→ **EXERCISE GOAL**
Copy every entry as is. Leave images out.

==================================================

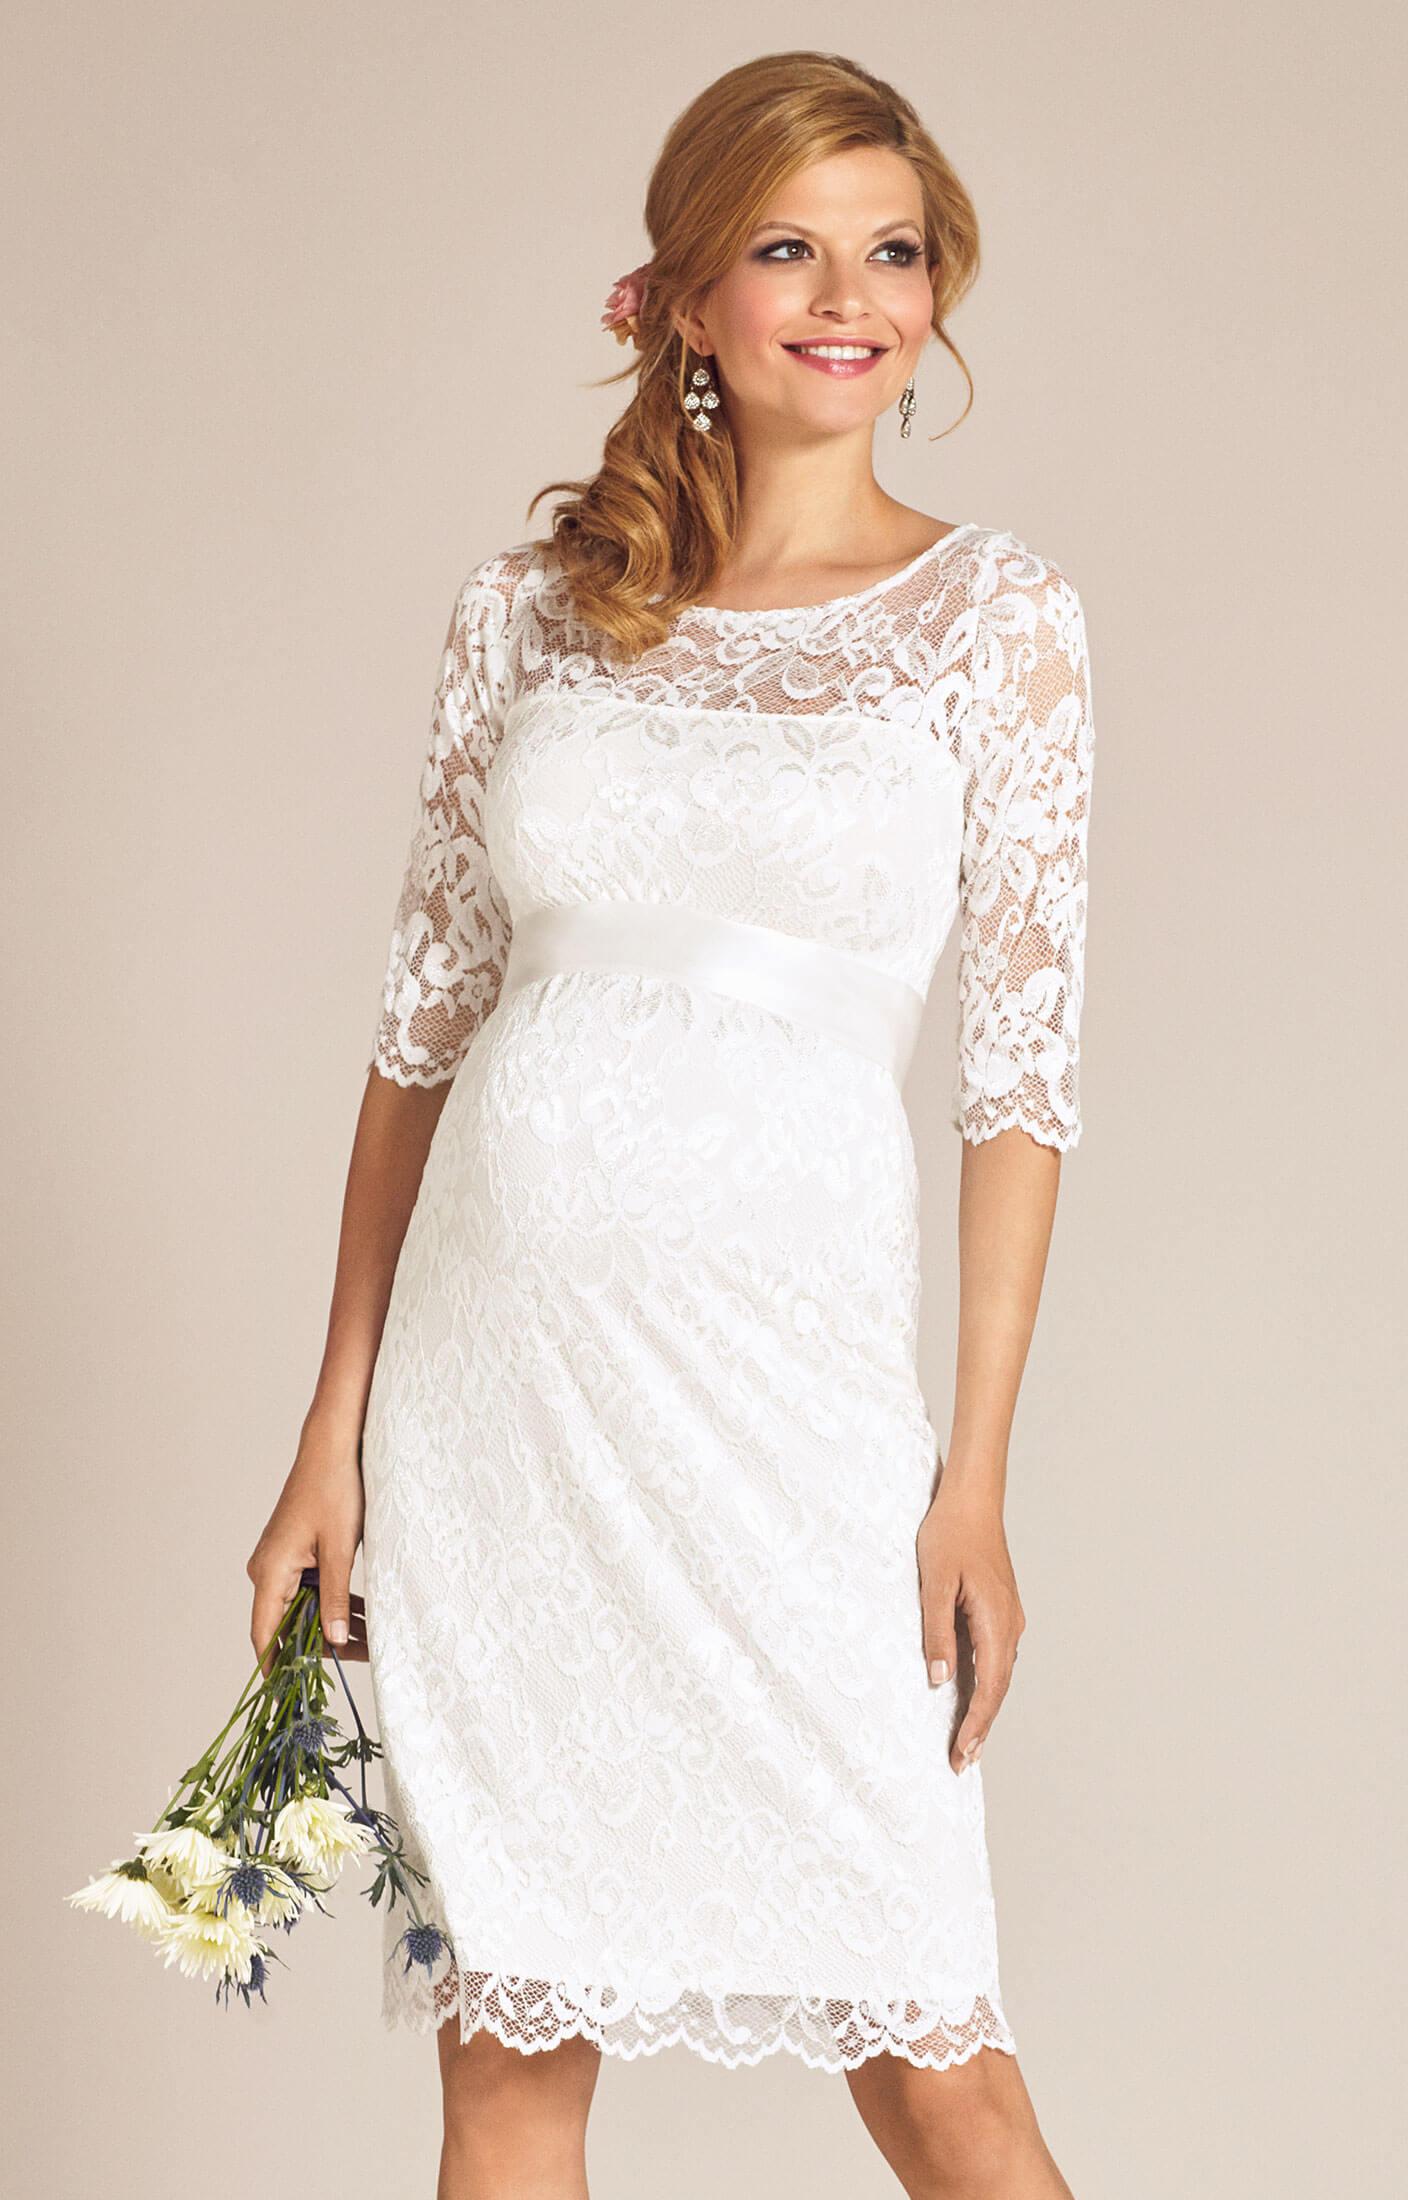 wedding dresses maternity dresses for weddings Amelia Lace Maternity Wedding Dress Short Ivory
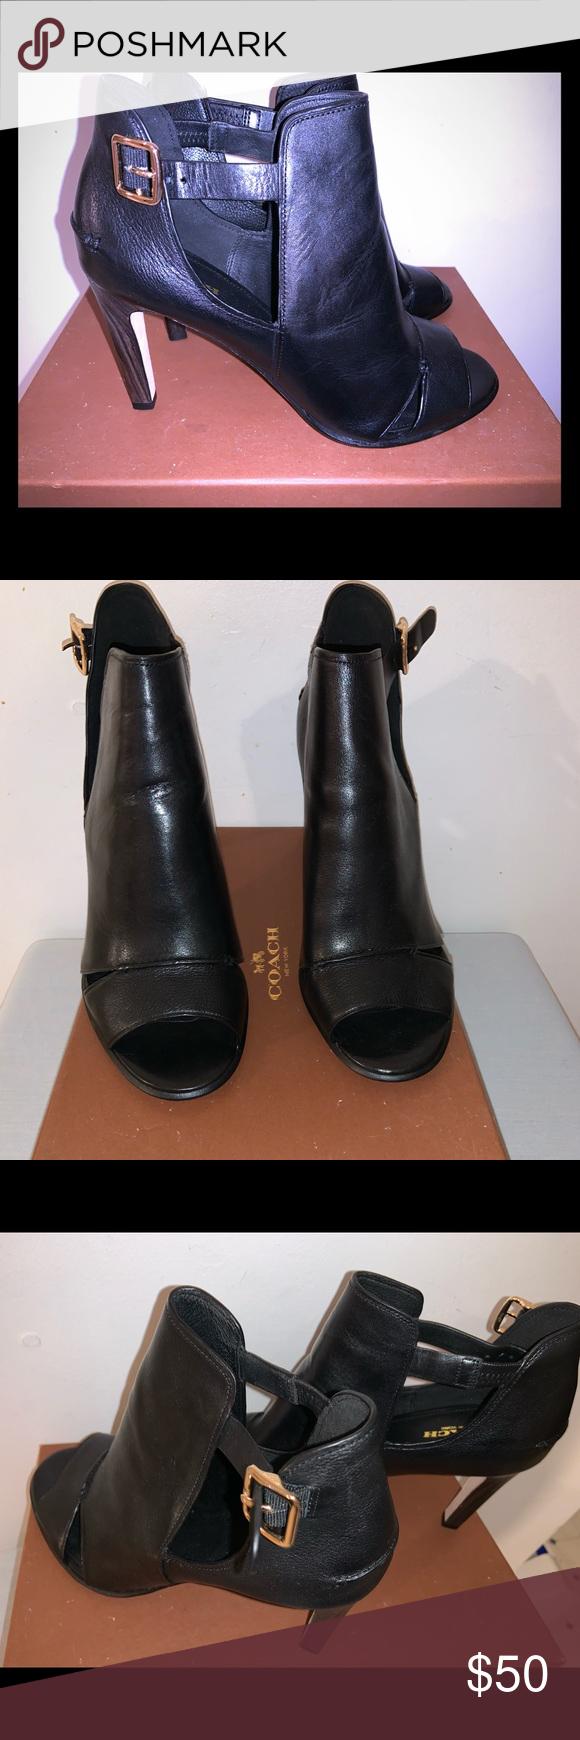 black peep toe booties size 11
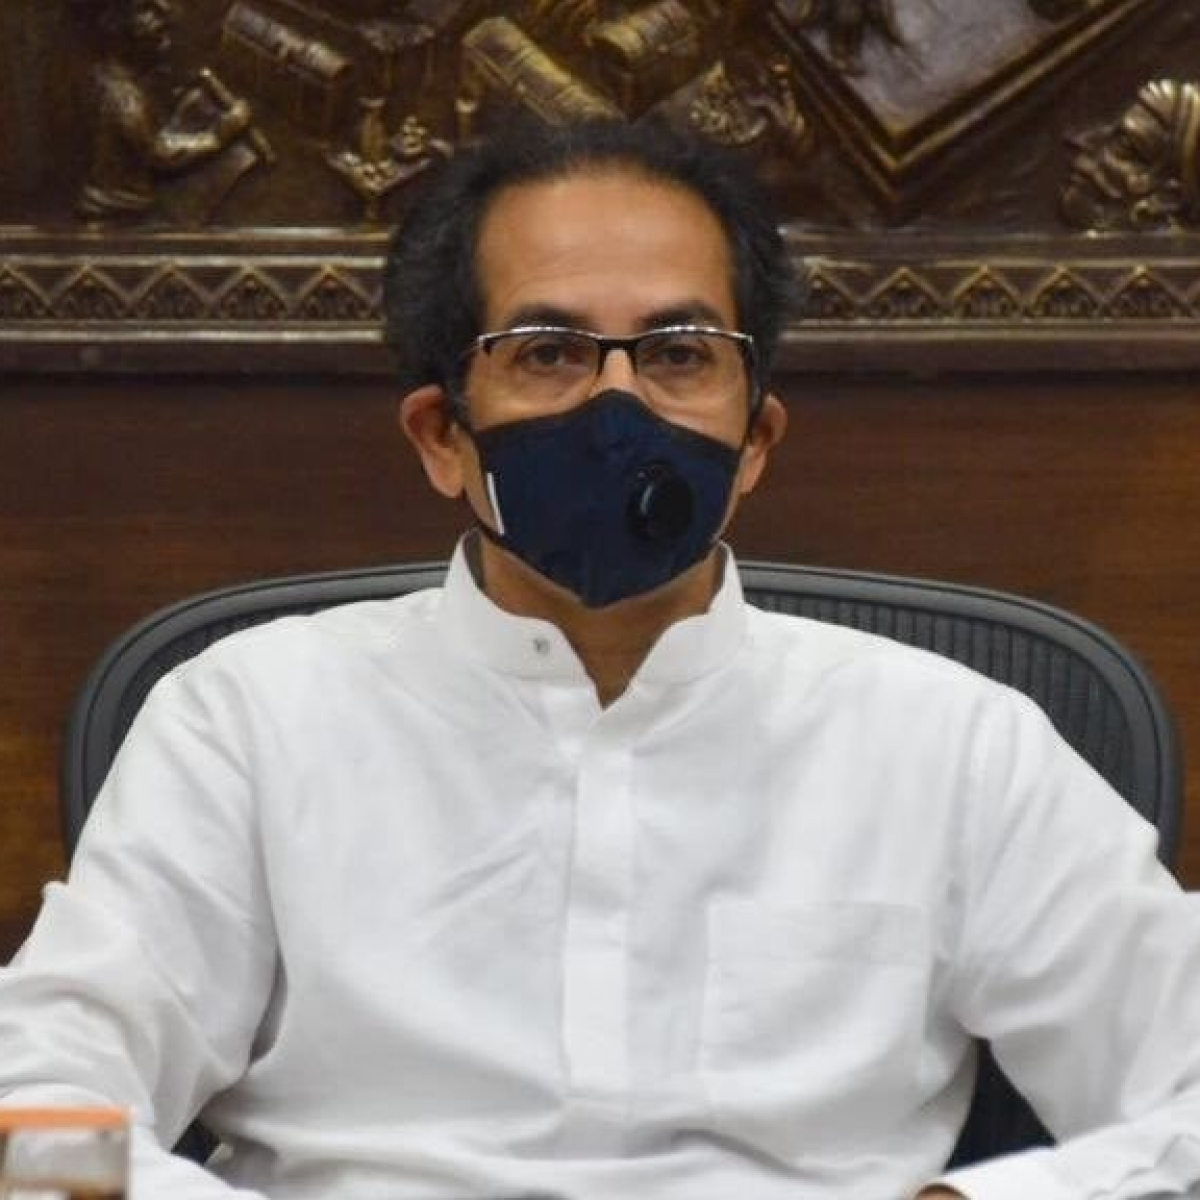 Mumbai Police's order order for action against fake news is legal: Maha govt tells Bombay High Court
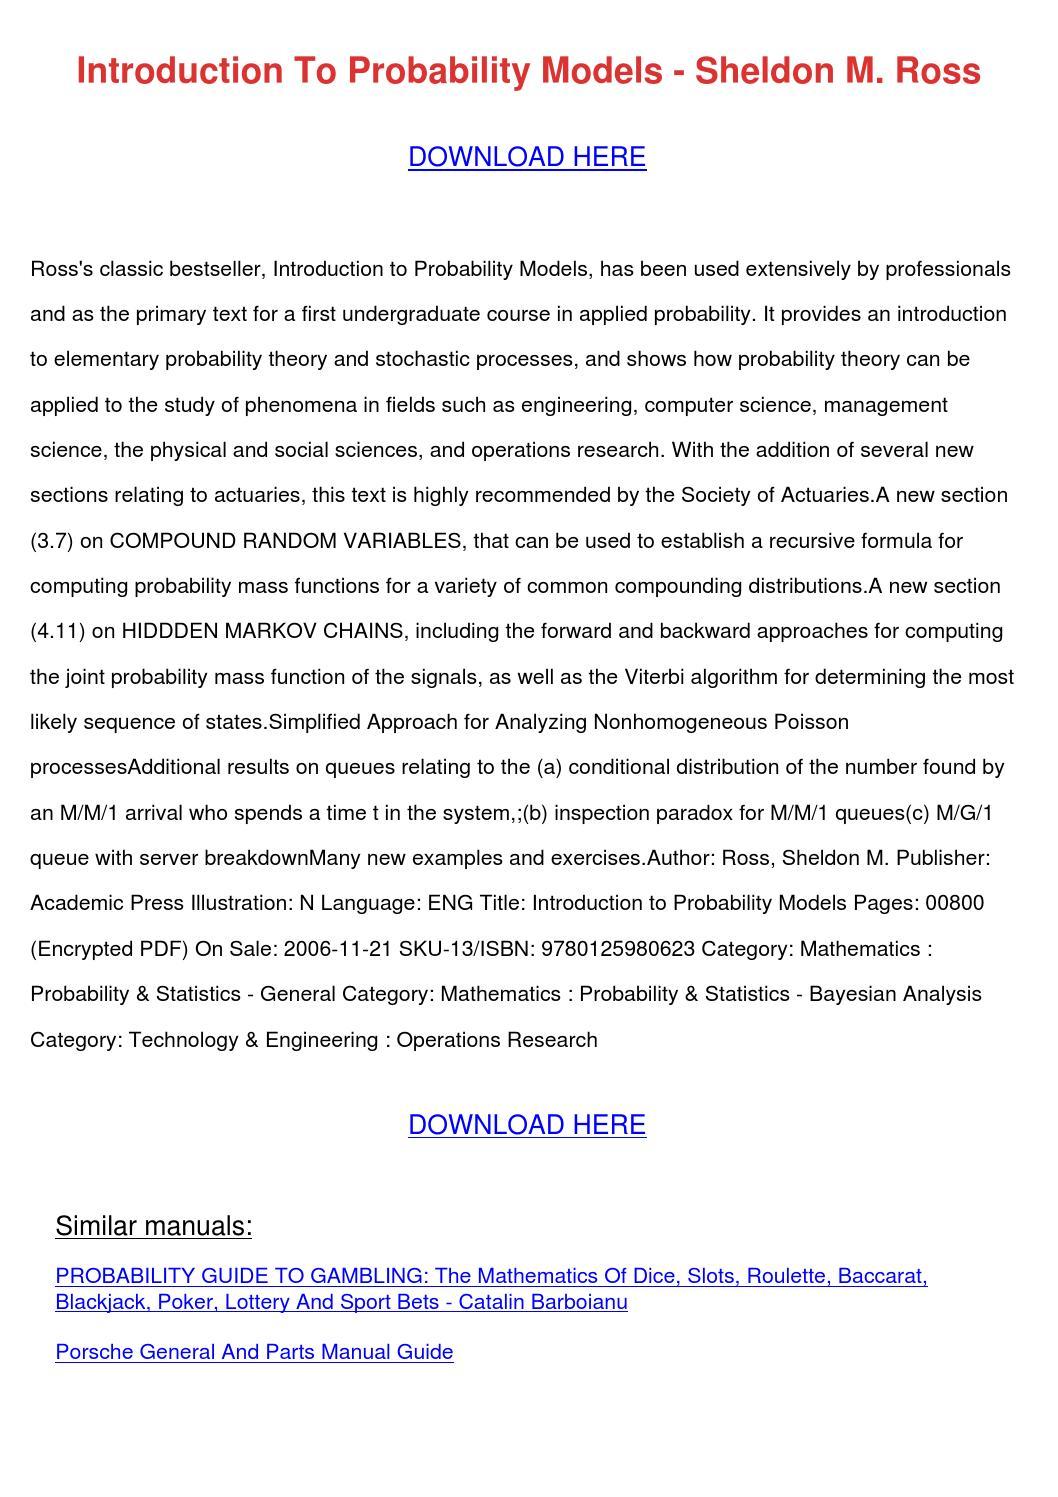 Introduction To Probability Models Sheldon M by KayleeIbarra - issuu
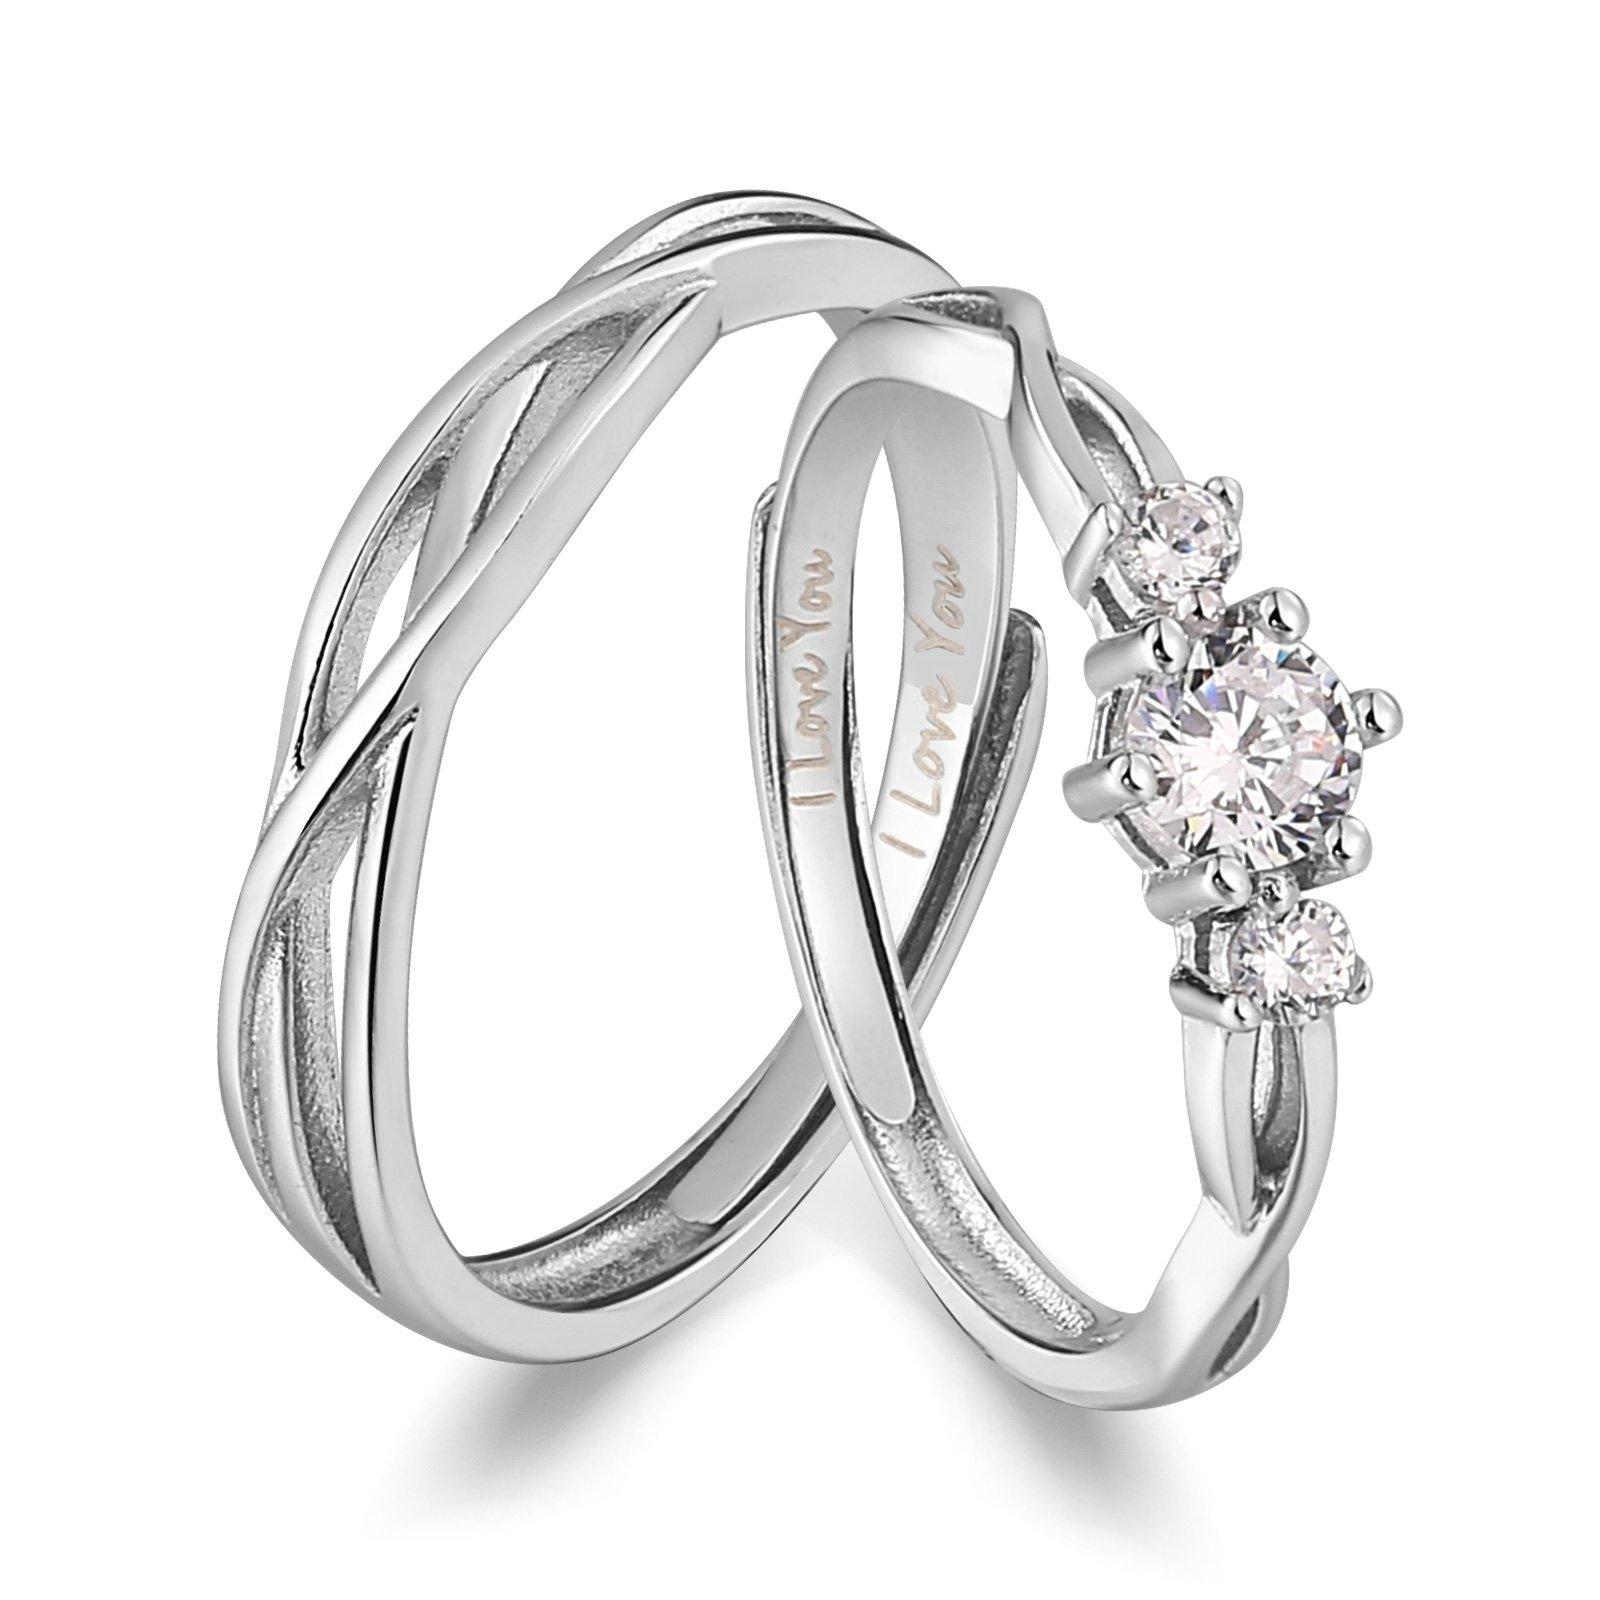 ANAZOZ Sterling Zirconia Engagement Matching

==================================================

→ **COMPLETED TASK**
 wedding dresses maternity dresses for weddings Amelia Lace Maternity Wedding Dress Short Ivory
 black peep toe booties size 11
 Mumbai Police's order order for action against fake news is legal: Maha govt tells Bombay High Court
 Introduction To Probability Models Sheldon M by KayleeIbarra - issuu
 ANAZOZ Sterling Zirconia Engagement Matching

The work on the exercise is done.